1/x + 4/y = 1/15 --> (1)
1/x + 2/y = 1/24 --> (2)
By subtracting (1),(2)
4/y -2/y = 1/15 - 1/24,
2/y = 8-5/120,
2/y = 1/40,
Y = 80.

Sub y = 80 in eq (1)
X = 60
Therefore x : y.
60:80 div by 2,
And finally answer = 3:4 we get.

Let the speed af the train be T and car be C.

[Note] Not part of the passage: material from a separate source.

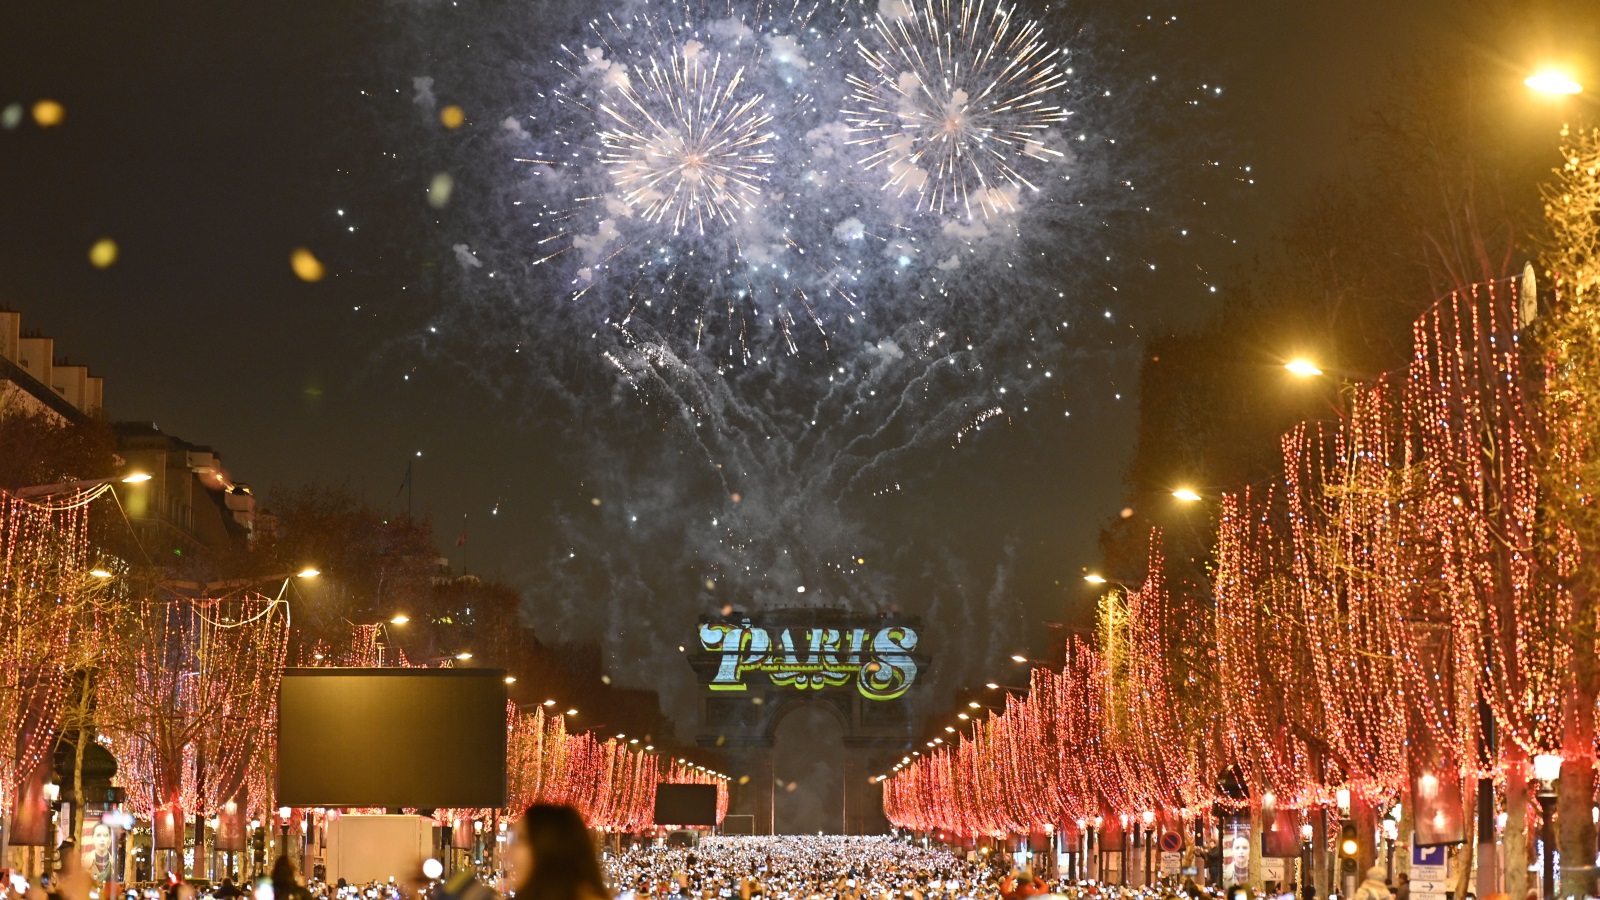 ‪لقطة من عرض الألعاب النارية والأضواء في باريس‬ (الأناضول)

The time taken by train and car is:
120/T+480/C=8hrs is equation 1
200/T+400/C=8hrs 20 mins which is 200/T+400/C=25/3 is equation 2

Multiply equation (1)by 5 and equation (2) by 3 to cancel the fractions;
Therefore,
600/T+2400/C = 40
600/T+1200/C = 25

Now subtract equation (1) and (2);
Therefore,
(600/T + 2400/C = 40) - (600/T + 1200/C = 25).
1200/C = 15,
C = 1200/15,
C = 80.

Substitute C = 80 in equation (1)
600/T + 2400/80 = 40,
600/T = 40 - 2400/80.
600/T = 800/80,
T = 600/10.
T = 60.

So the ratio for train and car would be:
60:80
Therefore the ratio is 3:4.

How did 8 come in solution?

Please explain me.

Let the speed of the train be =x km/hr.
And the speed of the car be =y km/hr.

It takes eight hours(8hrs) for a 600
km journey, if 120;
km is done by train and the rest by car(600-120=480).

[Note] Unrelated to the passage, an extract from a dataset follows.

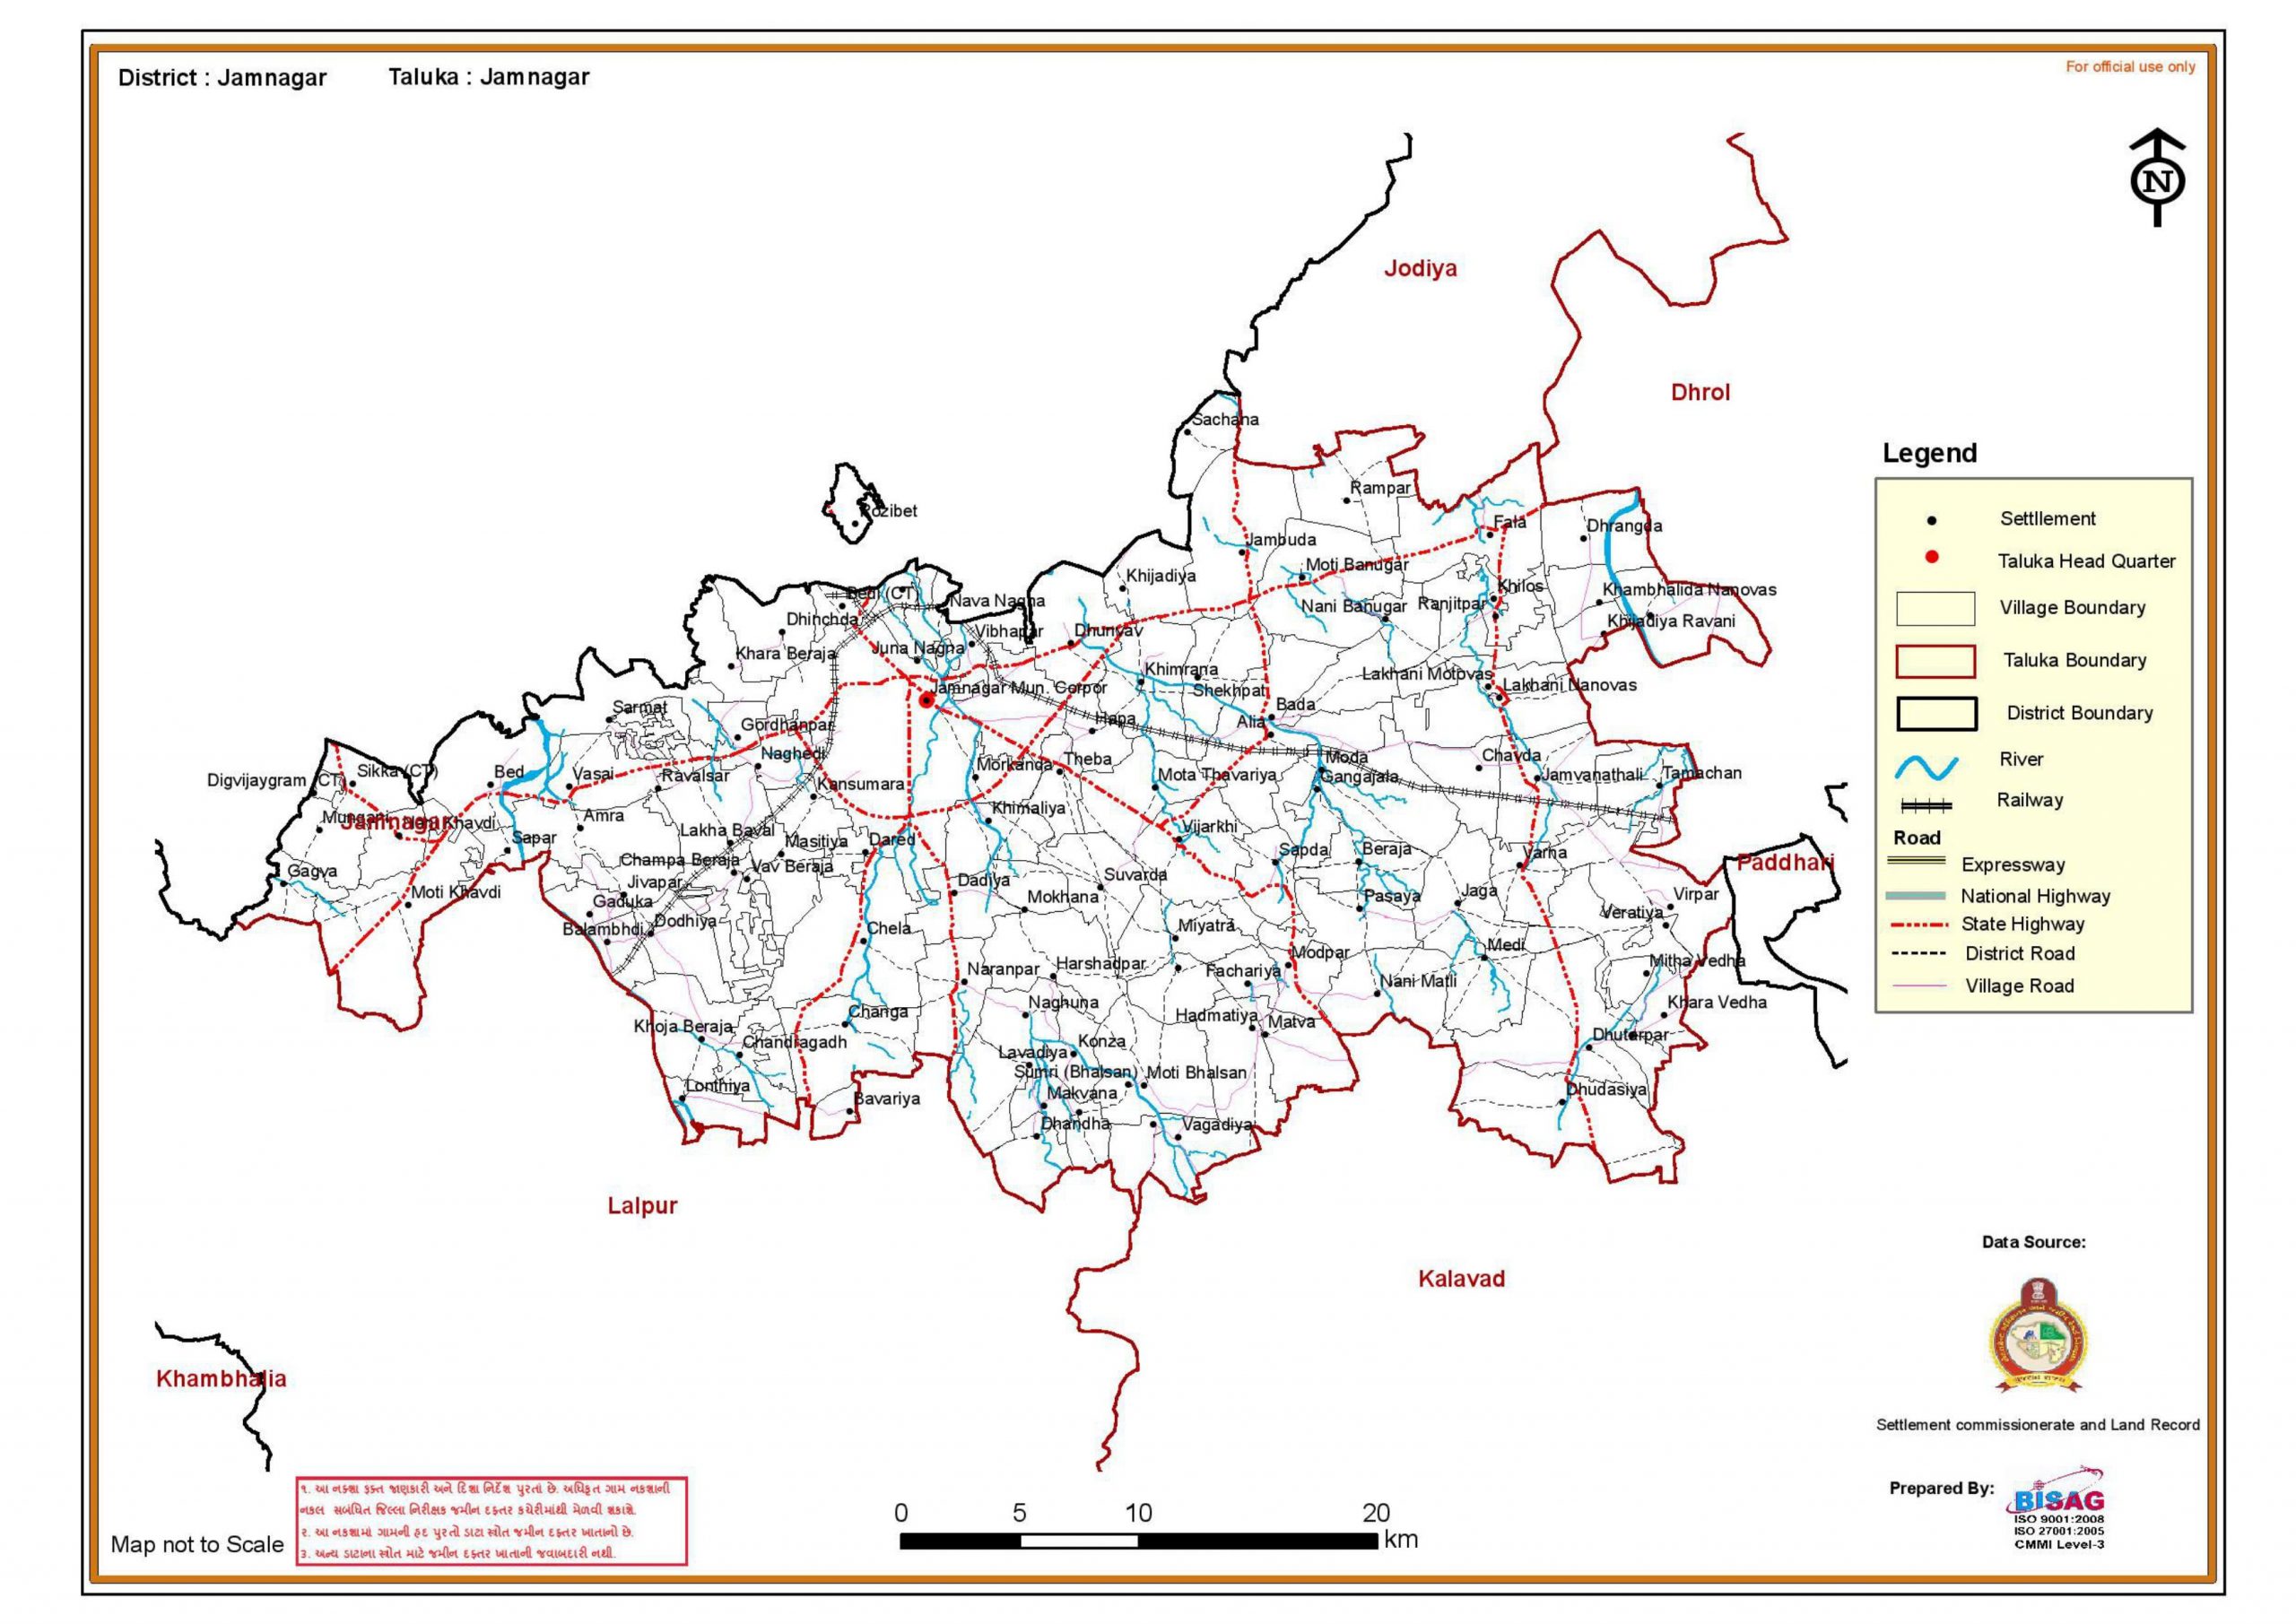 jamnagar district map

Convert the above word statement into mathematical form-
Then,
120x + 480y = 8.

Take the number common(120) from both sides of the equations and so it is removed.
∴1x+4y=1/15 ---> (a)

Also, given that; It takes 20.
minutes more, if 200.
km is done by train and the rest by car.

Convert minutes in an hour
∴200/x+400/y = 8 + 20/60.

Simplify the above equation;
⇒200/x+400/y = 8 + 1/3
⇒200/x + 400/y = 25/3.

Take common(200) from both sides of the equation and remove
∴1/x+2/y=1/24 ---> (b).

Take equations (a) and (b)
and find the value of the unknown.

By using the elimination method- subtract equation (b) from equation (a).
⇒4/y−2/y=1/15−1/24.
( 1x is removed in subtraction)
taking lcm.

⇒2/y = 8 - 5/120
2/y = 3/120,
y = 80km/hr.
Substitute value of “y” in equation (a)
∴1/x+4/80=1/15 ⇒1/x+1/20=1/15.

Make unknown “x” as the subject –
∴1x = 1/15−1/20,
⇒1x = 20−15/(15)(20),
⇒1/x = 5/300,
⇒1/x = 1/60,
⇒x = 60 km/hr.
Now the ratio of the speed of car and train is;
=x/y = 60.80 = 3/4.

@Suresh.

Why 120/x + 480/y = 8, How 8 come?
Please explain.

We got that,

Eq 1: 1/x+4/y=1/15 =>1/x=1/15-4/y.
Eq 2: 1/x+2/y=1/24 =>1/x=1/24-2/y.

Now equate the 1/x values.
i.e 1/15-4/y = 1/24-2/y =>2/y = 1/15-1/24.

So you get y = 80.
By submitting y in the eq 1: 1/x+4/80=1/15 and you get x =60.
X : Y = 60:80 =>3:4.

Question in given that,
Total Distance covered by train & car = 600 km.
By train covered distance: 120 Km.
By car covered distance: 600-120 = 480 Km.
Time taken covered by total distance both train and car = 8 hours.

Let,
Train speed is = x kmph.
Car speed is = y kmph.

So,
120/x+480/y=8 --> (1)
In second part given time more 20 minutes=8+20/60=8+1/3=25/3
200/x+400/y=25/3 --> (2)
In eq. 1 and 2 for equal x or y number equal for getting value x and y in one
(1) eq. multiply 5 and (2) equation 3, getting
600/x+2400/y=40 --> (3)
600/x+1200/y=75/3--> (4)
Subtracting eq. 3 in 4, getting;
1200/y = 40 - 75/3.
1200/y = 120 - 75/3.
1200/y = 45/3
15Y = 1200.
Y = 80kmph speed of Car.
Putting y value in eq. (2).
200/x+400/80 = 25/3.
200/x+5 = 25/3.
200+5x/x = 25/3.
200+5x = 25x/3.
200 = 25x/3-5x
200 = 25x-15x/3
200 = 10x/3
600 = 10x
x = 60kmph speed of the train.
the ratio of speed train: car.
= 60:80.
= 3/4.

Why 120/x + 480/y = 8, How 8 come? Please explain.

@Karan.

It's Given in the question;
Distance by train=200.
Remaining distance by car, So 600-200 = 400 is the distance covered by a car.